Il contesto europeo rende il caso ancora più concreto. L'AI Act dell'Unione Europea impone ai sistemi ad alto rischio requisiti su documentazione tecnica, registrazione degli eventi, trasparenza, accuratezza e human oversight. Un report di consulenza non coincide con un sistema AI ad alto rischio. Però il principio operativo è lo stesso: quando un output influenza decisioni, budget o fiducia di mercato, serve tracciabilità.

Il caso mostra anche un rischio di secondo livello. GPTZero nota che i report delle grandi società di consulenza tendono a posizionarsi bene nei motori di ricerca e a essere ripresi da media, blog e perfino modelli linguistici. Una citazione sbagliata non resta nel PDF. Entra in presentazioni, articoli, dataset e risposte generate, dove diventa più difficile risalire all'errore originale.

Cosa cambia per le aziende italiane

Per i manager italiani, la lezione pratica è immediata: ogni contenuto AI usato in contesti decisionali deve avere una checklist di provenance, cioè origine e percorso delle informazioni.

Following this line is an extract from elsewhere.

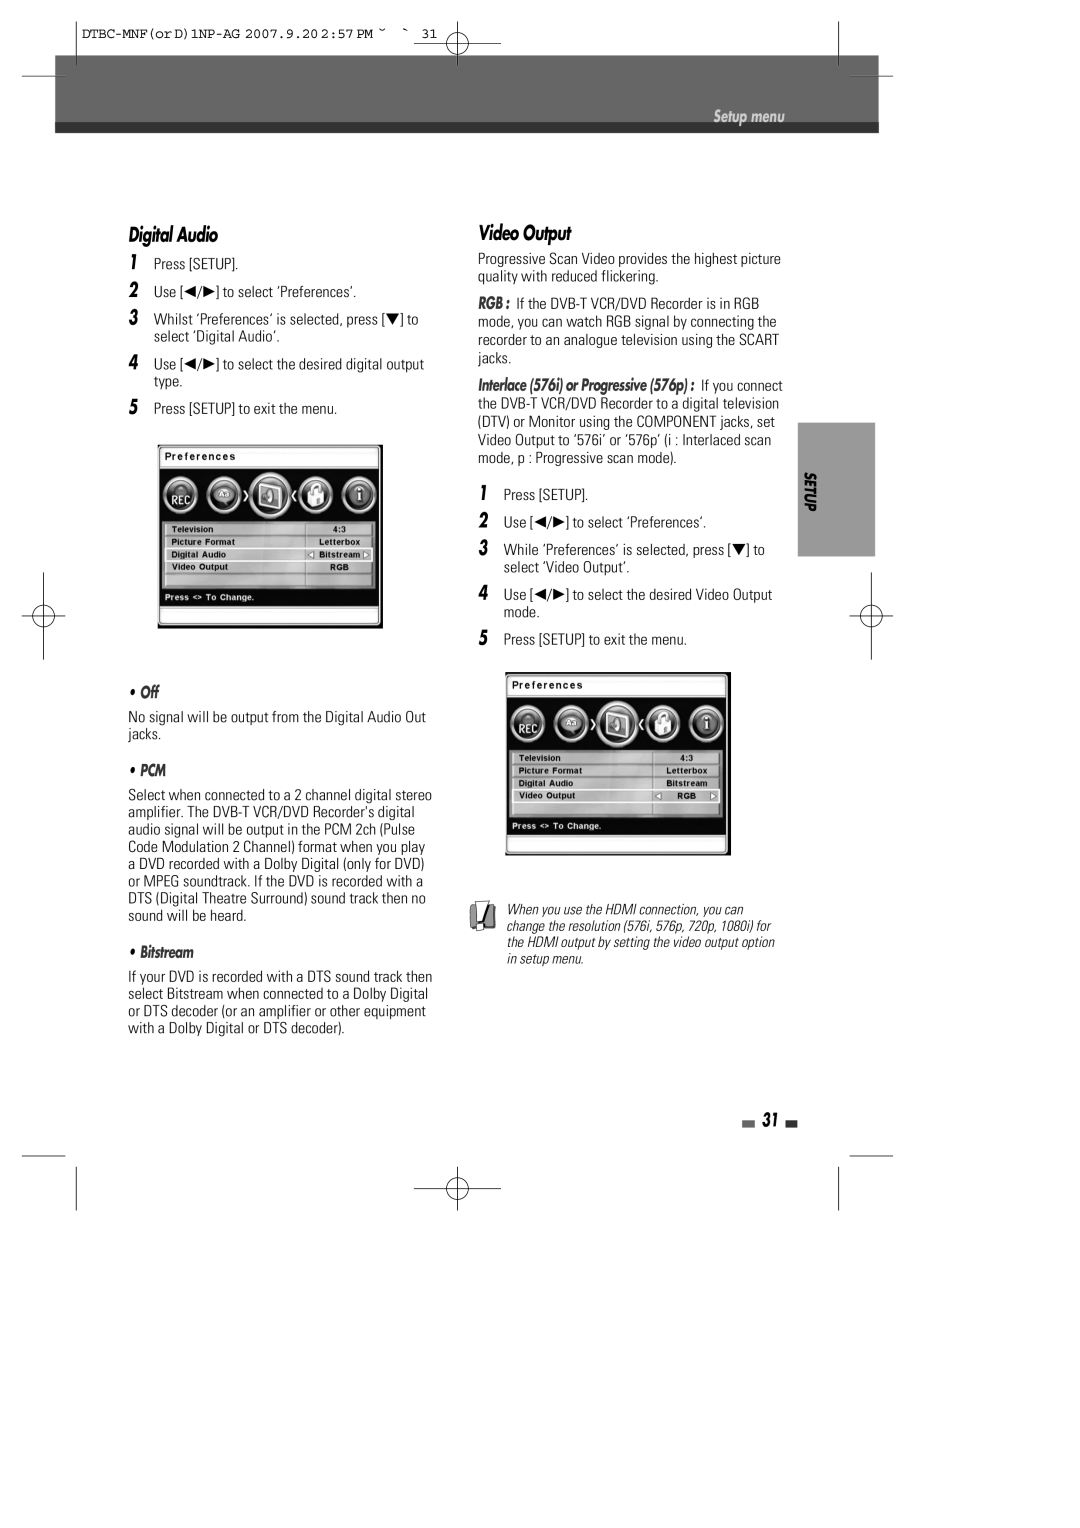 Daewoo DRVT-40, DRVT-43 instruction manual Digital Audio, Video Output, Bitstream, Setup menu

Non basta chiedere a un dipendente di “controllare le fonti”. Serve indicare quali affermazioni sono state verificate su fonti primarie, quali restano inferenze e quali non devono entrare in materiali esterni.

Il secondo cambiamento riguarda i fornitori. Chi compra consulenza AI dovrebbe chiedere non solo framework e roadmap, ma anche evidenze di controllo qualità: log delle ricerche, criteri di accettazione delle fonti, revisione umana nominativa, separazione tra bozza generata e testo approvato. La governance reale si vede lì, prima che nel lessico dei pitch.

In Italia, dove molte aziende stanno ancora costruendo policy interne sull'uso di ChatGPT, Copilot e strumenti simili, il caso KPMG AI offre un criterio semplice: un output AI può accelerare il lavoro, ma non può diventare fonte finché qualcuno non ne assume la responsabilità. Se quel passaggio manca, il rischio non è solo pubblicare un errore. È costruire decisioni aziendali su prove che nessuno ha mai verificato.

Fonti citate

  1. KPMG pulls report on AI usage due to apparent hallucinations , TechCrunch, 13 giugno 2026.
  2. Investigation: KPMG's AI report contained apparent hallucinated citations , GPTZero, giugno 2026.
  3. Global Customer Experience Excellence 2025-2026 , KPMG Belgium, 2025.
  4. Regulation (EU) 2024/1689 laying down harmonised rules on artificial intelligence , EUR-Lex, 2024.